Wildlife & Biodiversity

World Turtle Day: Meet Odisha’s ‘Turtle Man’

Rabindranath Sahu and his team have been helping in Olive Ridley conservation since 20 years  

 
By Ashis Senapati
Last Updated: Friday 22 May 2020
Rabindranath Sahu releasing baby turtles into the sea at Rushikulya beach. Photo: Ashis Senapati
Rabindranath Sahu releasing baby turtles into the sea at Rushikulya beach. Photo: Ashis Senapati Rabindranath Sahu releasing baby turtles into the sea at Rushikulya beach.
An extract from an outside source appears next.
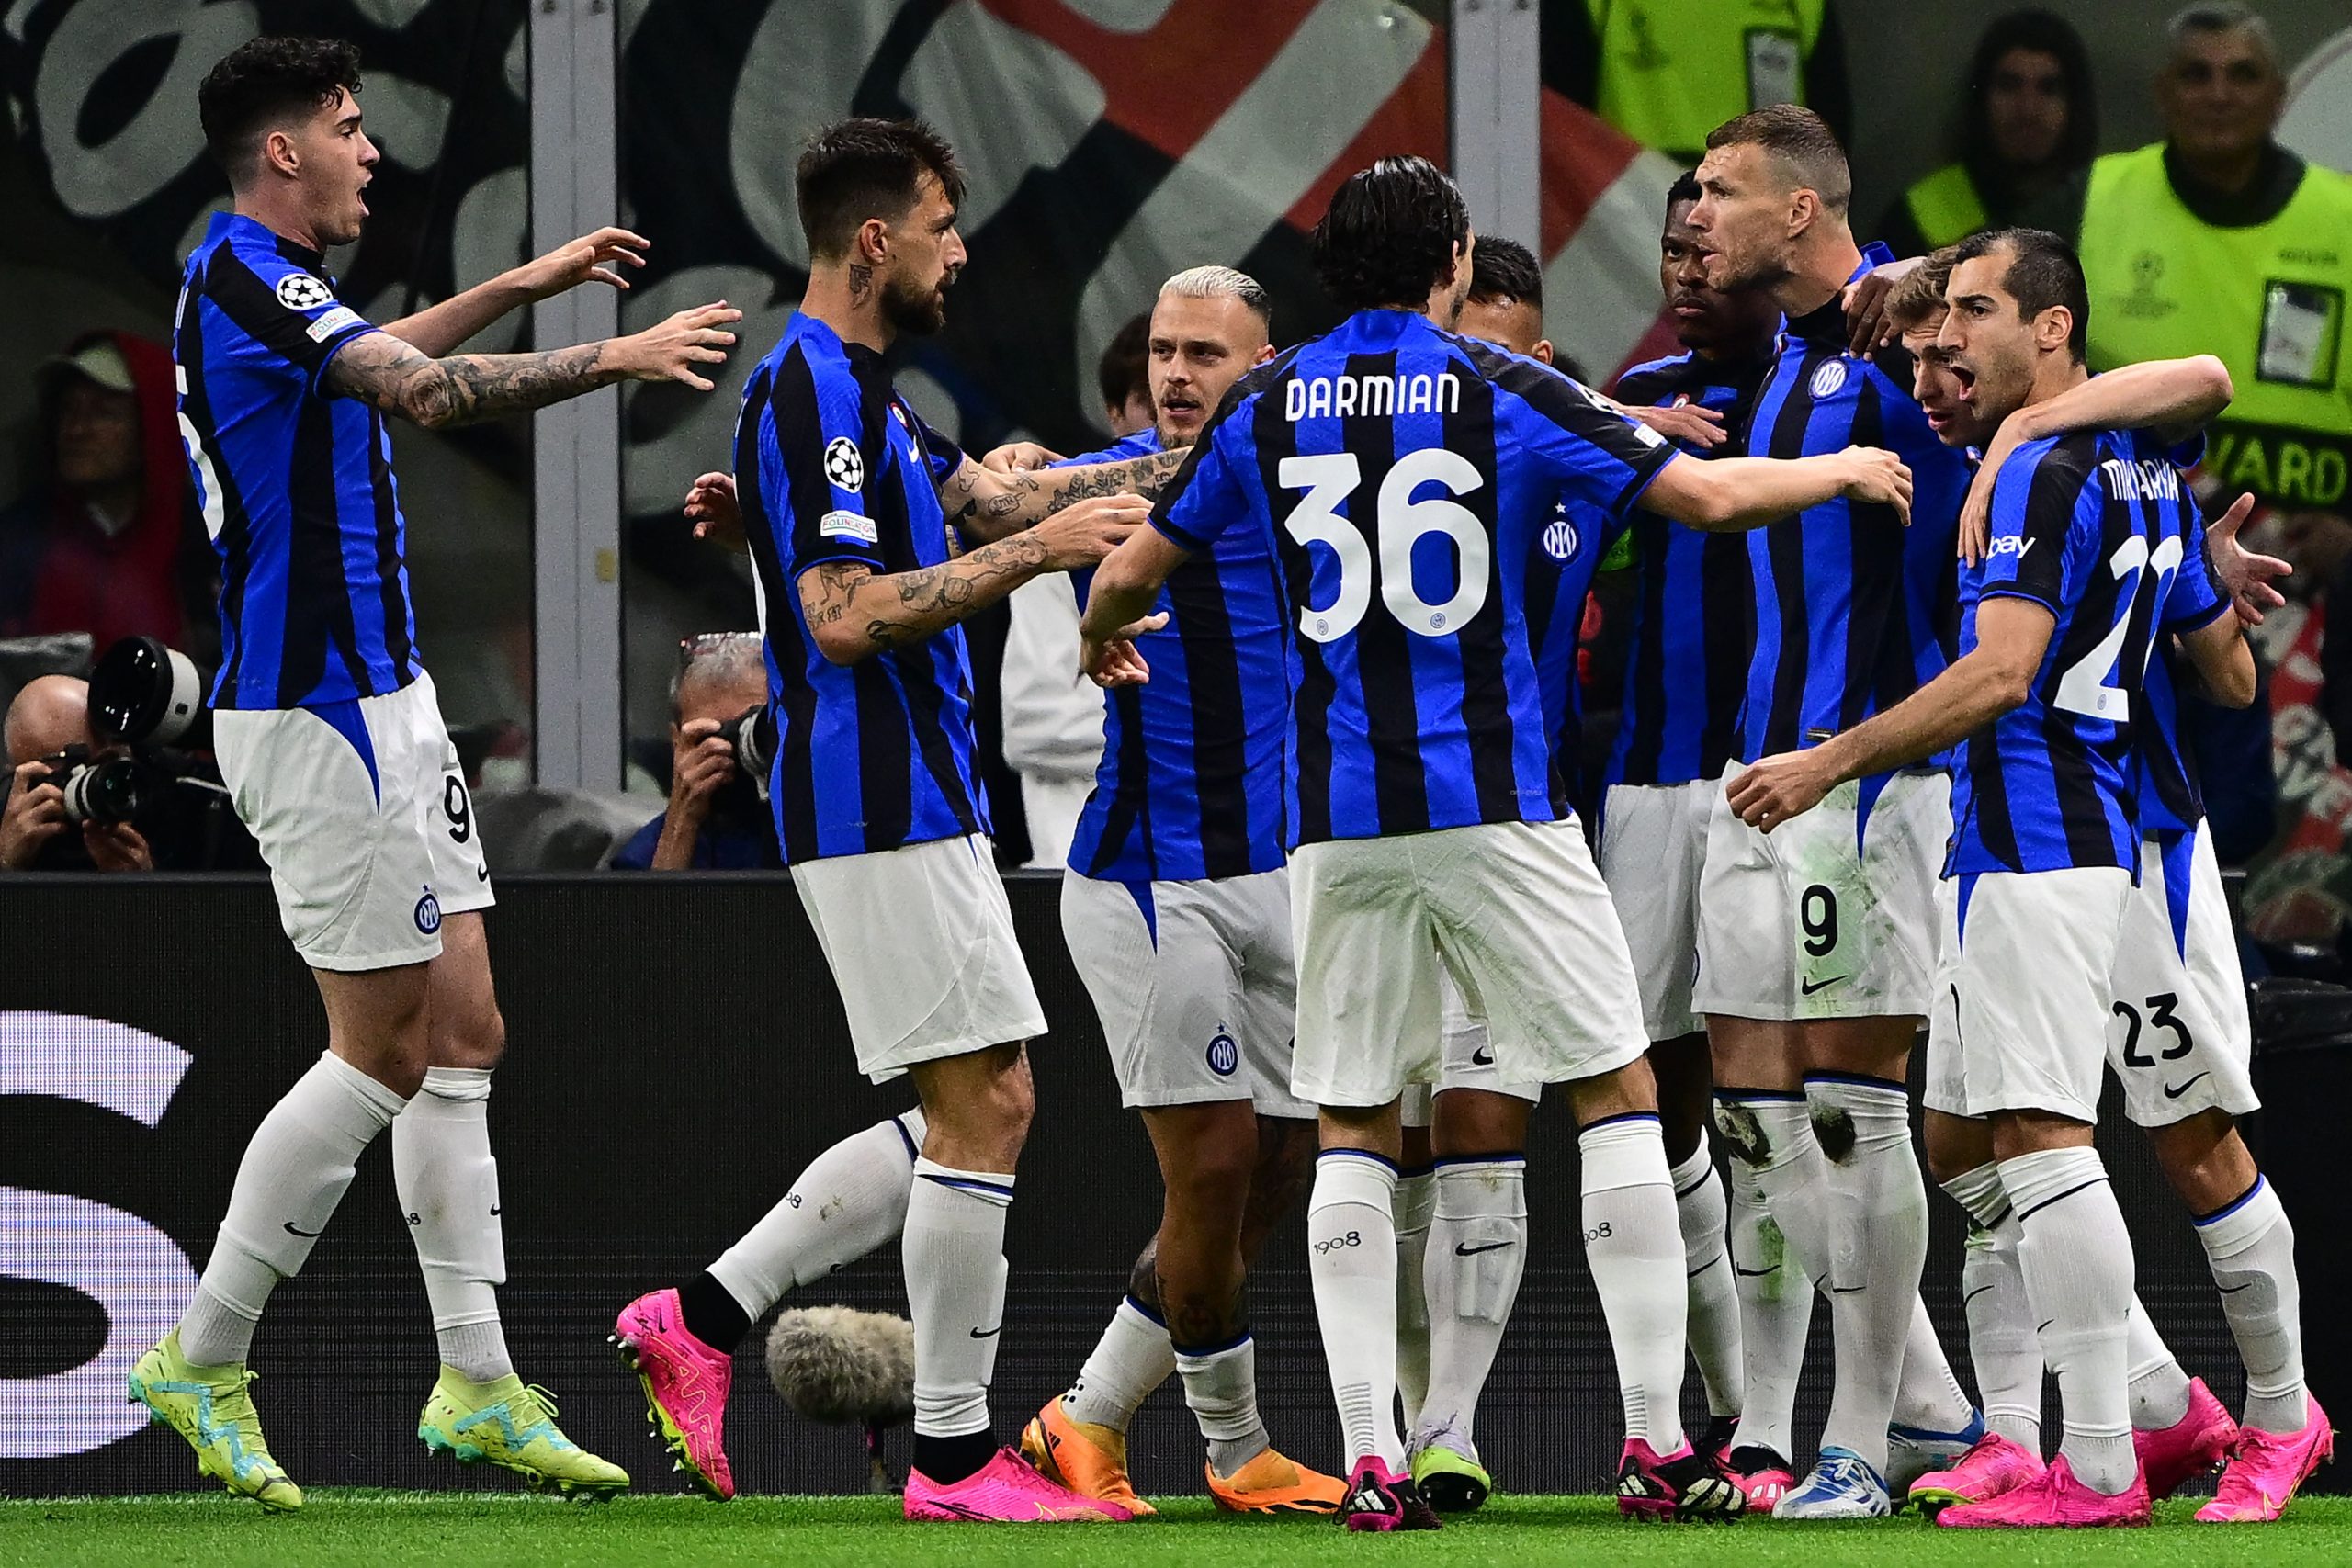 Internazionale venceu o Milan no Derby della Madonnina

Photo: Ashis Senapati

Rabindranath Sahu, from the seaside village of Purnabandha in Odisha’s Ganjam district, has only one mission in his life: To save the Olive Ridley sea turtles that come each year for laying eggs at Rushikulya beach near his village.

He first delved into the field in 1994 at Rushikulya, when the Wildlife Institute of India (WII) launched sea turtle conservation works in the rookery.

“Noted turtle researcher Bivash Pandav of WII recruited me for turtle conservation work,” Sahu said.

Every year, during the arrival, mass nesting and births of millions of turtles from November to April, Sahu, along with members of the Rushukulya Sea Turtle Protection Committee (RSTPC), work to save the endangered sea turtles.

“The conservation of turtles is not a passing fad for me but a mission. Every year, thousands of turtles come to the beach. But many die annually as fishing trawlers do not use Turtle Excluder Devices,” Sahu, the secretary of RSTPC, said.

For centuries, this coastline has been a nesting ground for turtles. When they mature, they come back to our beach to lay their eggs. Turtles share this place with villagers, who had been collecting eggs for generations, Sahu said.

Sahu and his team choose a few locals to keep a round-the-clock vigil and collect eggs from some of the nests and shift them to specially-made hatcheries on the beach. 

When the eggs hatch about 45-50 days later, they are carefully released into the sea, according to Sahu.

Rabindranath and his team members drive away swooping crows and prowling jackals as they try to devour the baby turtles. It is a job well done and Sahu is never tired of his watchman duties on the beach.

A turtle can lay on an average 100 eggs each time. Sahu takes stock of each nest, sorting the good eggs from the bad.

A turtle laying eggs. Photo: Ashis SenapatiSahu and his team also collect the eggs and bury them in many fenced hatcheries to ensure the hatchlings’ survival. The eggs incubate safely for about two months.

Each year, baby turtles crawl through the thunderous waves to reach the sea after emerging from pits and a disappear into the surging waves after a few minutes.

“While turtle eggs were sold in neighbouring villages for a mere 25 paise per egg, 25 years ago, the turtles were poached for their meat,” S Gobinda Rao, a 70-year-old fisherman of Puranabandha, said.

But now, the villagers conserve the turtles with the help of Rabindranath and his team members, forest officials said.

Rushikulya beach is the second largest rookery of sea turtles after Gahiramatha beach in Odisha. Around 3,27,863 Olive Ridley sea turtles laid eggs from March 21-29 this year at Rushikulya.

Sahu and his team members have been helping forest officials to conserve the marine species since more than two decades, Amlan Nayak, the divisional forest officer of Ganjam, said.